**MATERIAL FOR THIS EXERCISE**
########################################

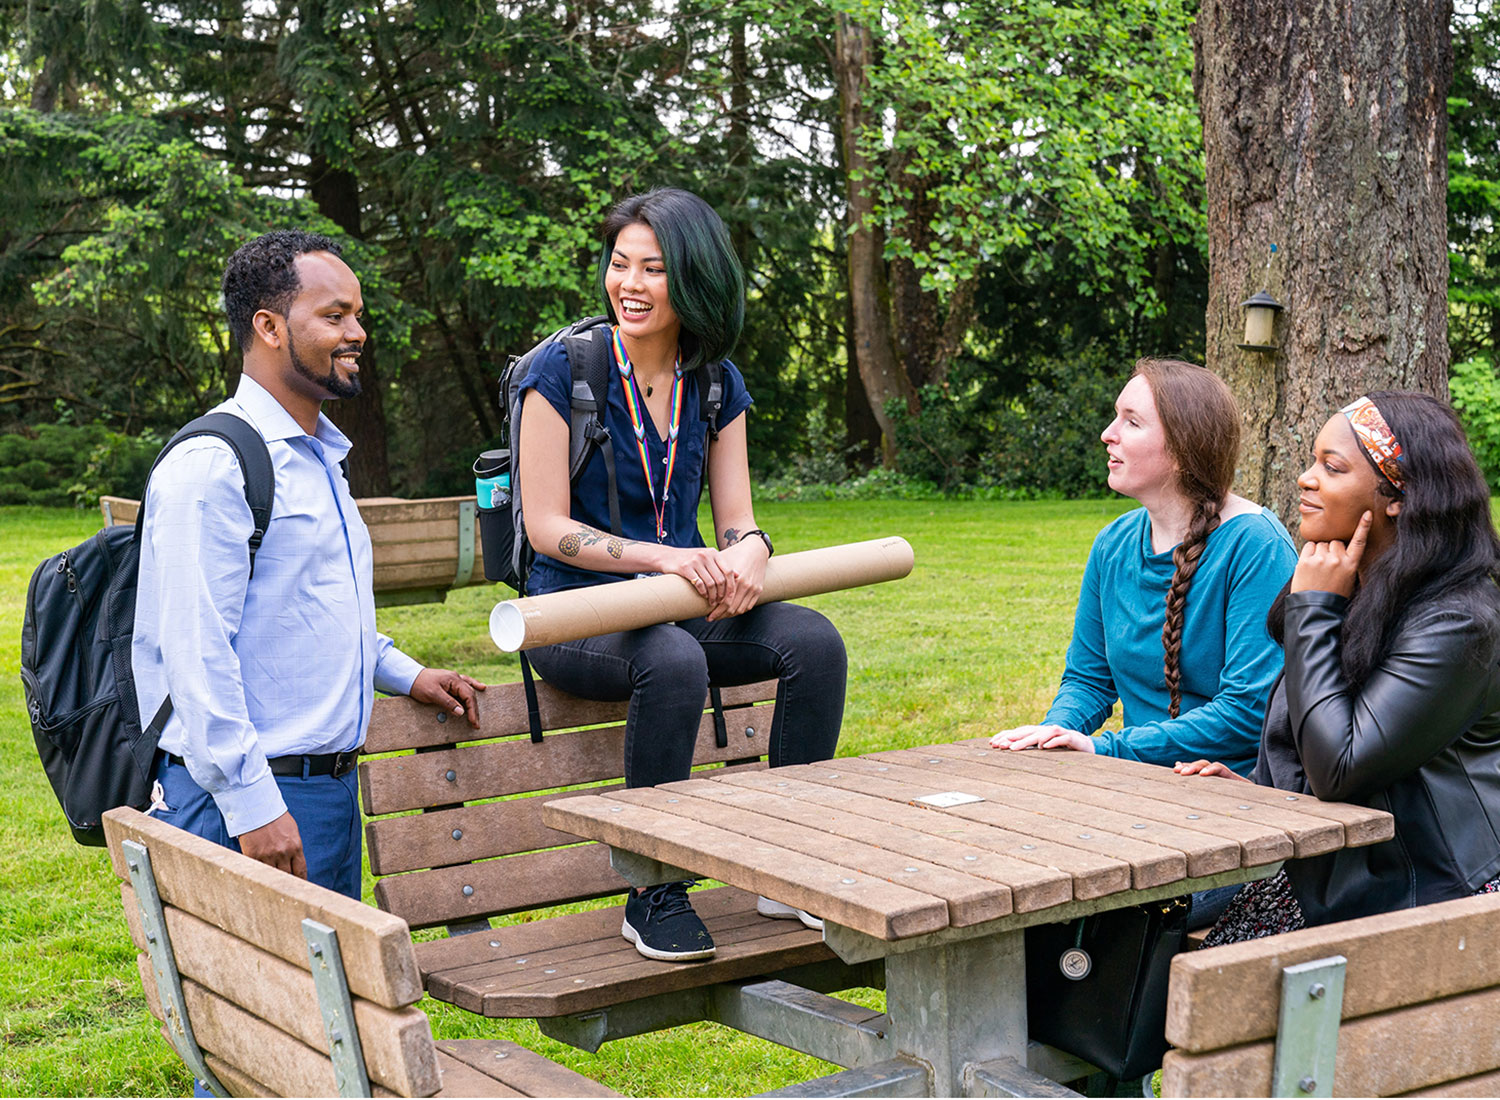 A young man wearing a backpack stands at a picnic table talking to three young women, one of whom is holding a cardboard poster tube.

########################################

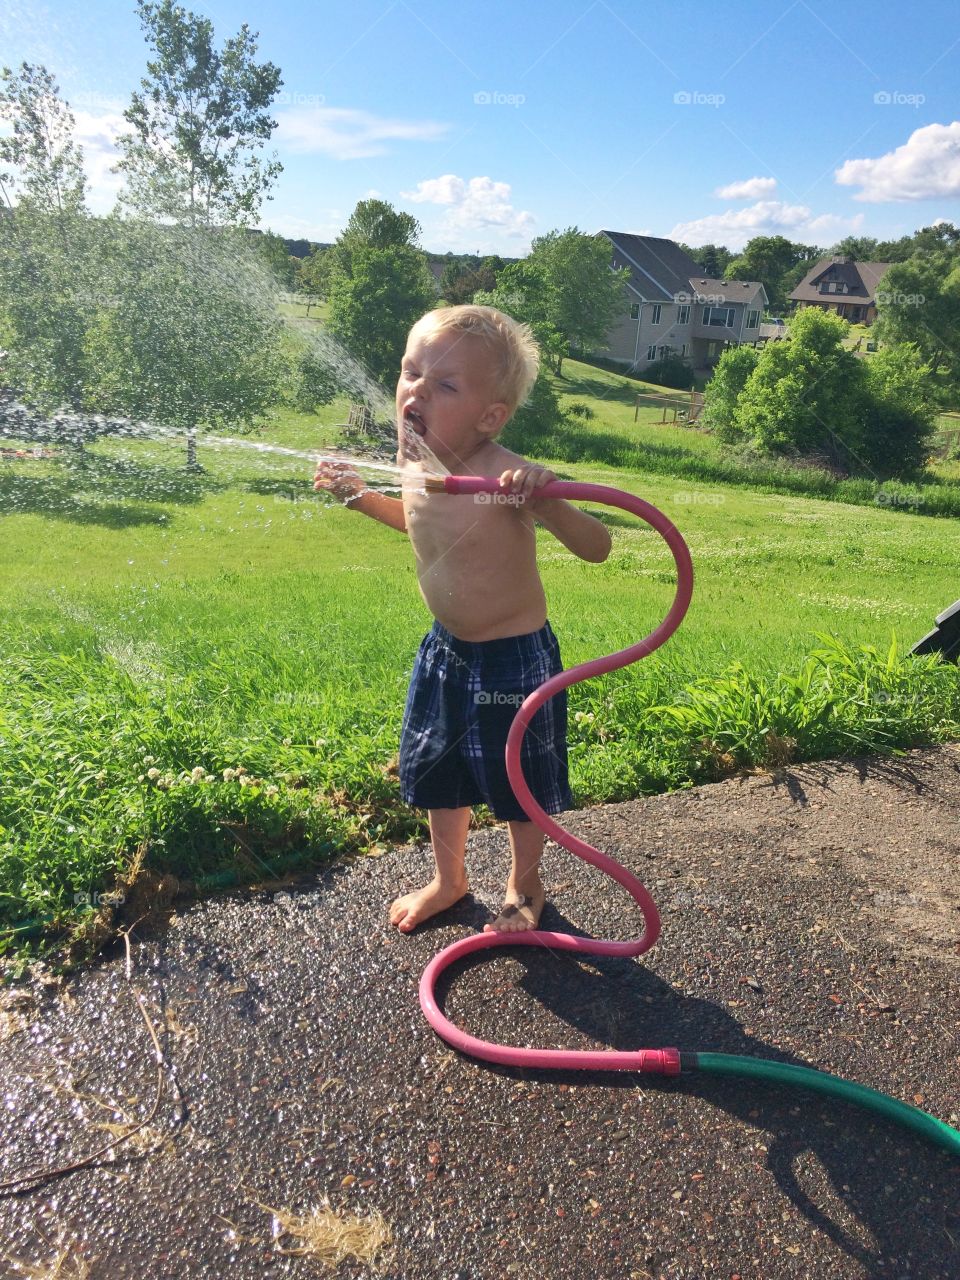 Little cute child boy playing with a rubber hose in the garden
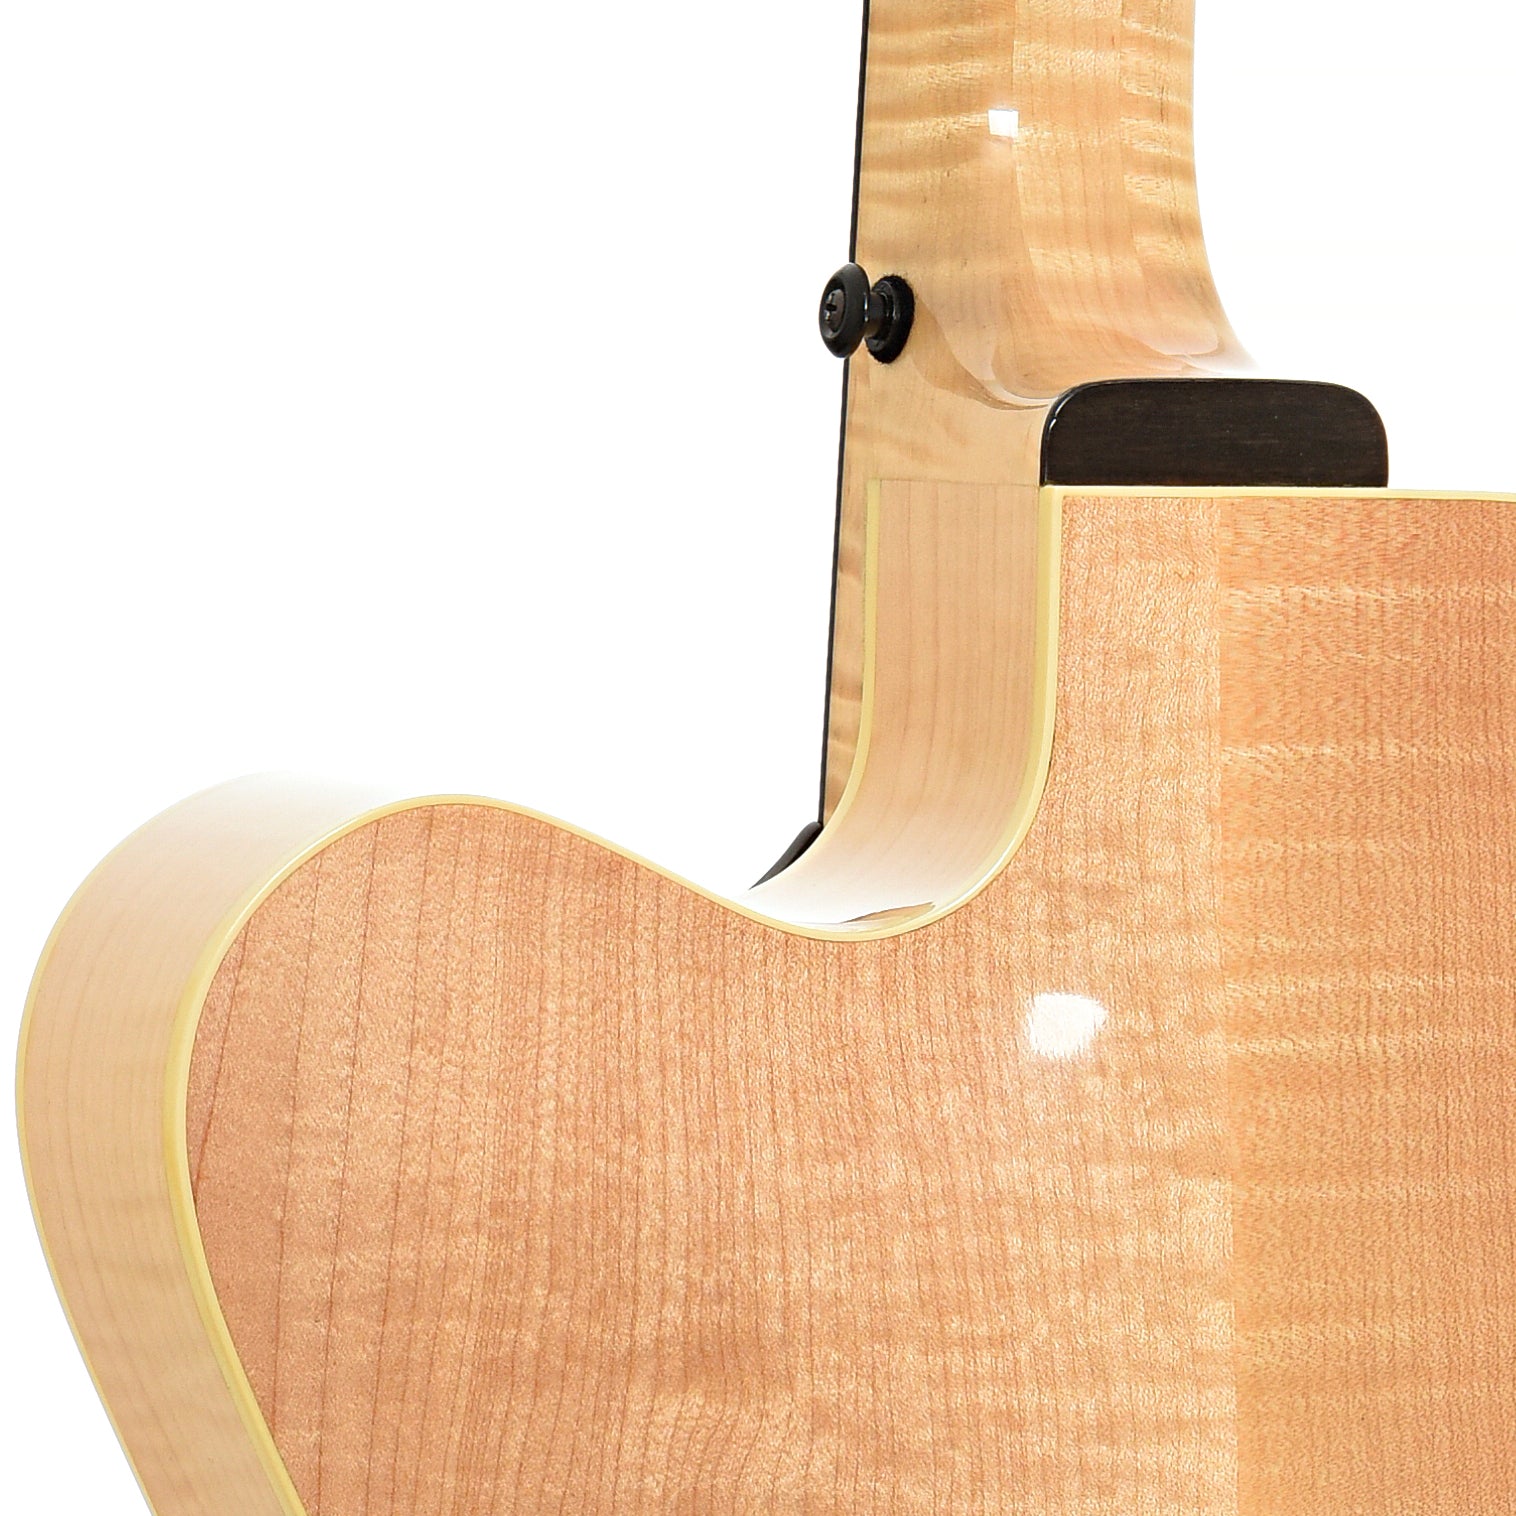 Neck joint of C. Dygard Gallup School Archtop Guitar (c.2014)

########################################

**WHAT TO WORK ON**
In the entries above, find the line with "Little cute child" and the line with "Neck joint of". Write out exactly those two lines and every line between them, pictures excluded.

**FINAL ANSWER**
 Little cute child boy playing with a rubber hose in the garden
 Neck joint of C. Dygard Gallup School Archtop Guitar (c.2014)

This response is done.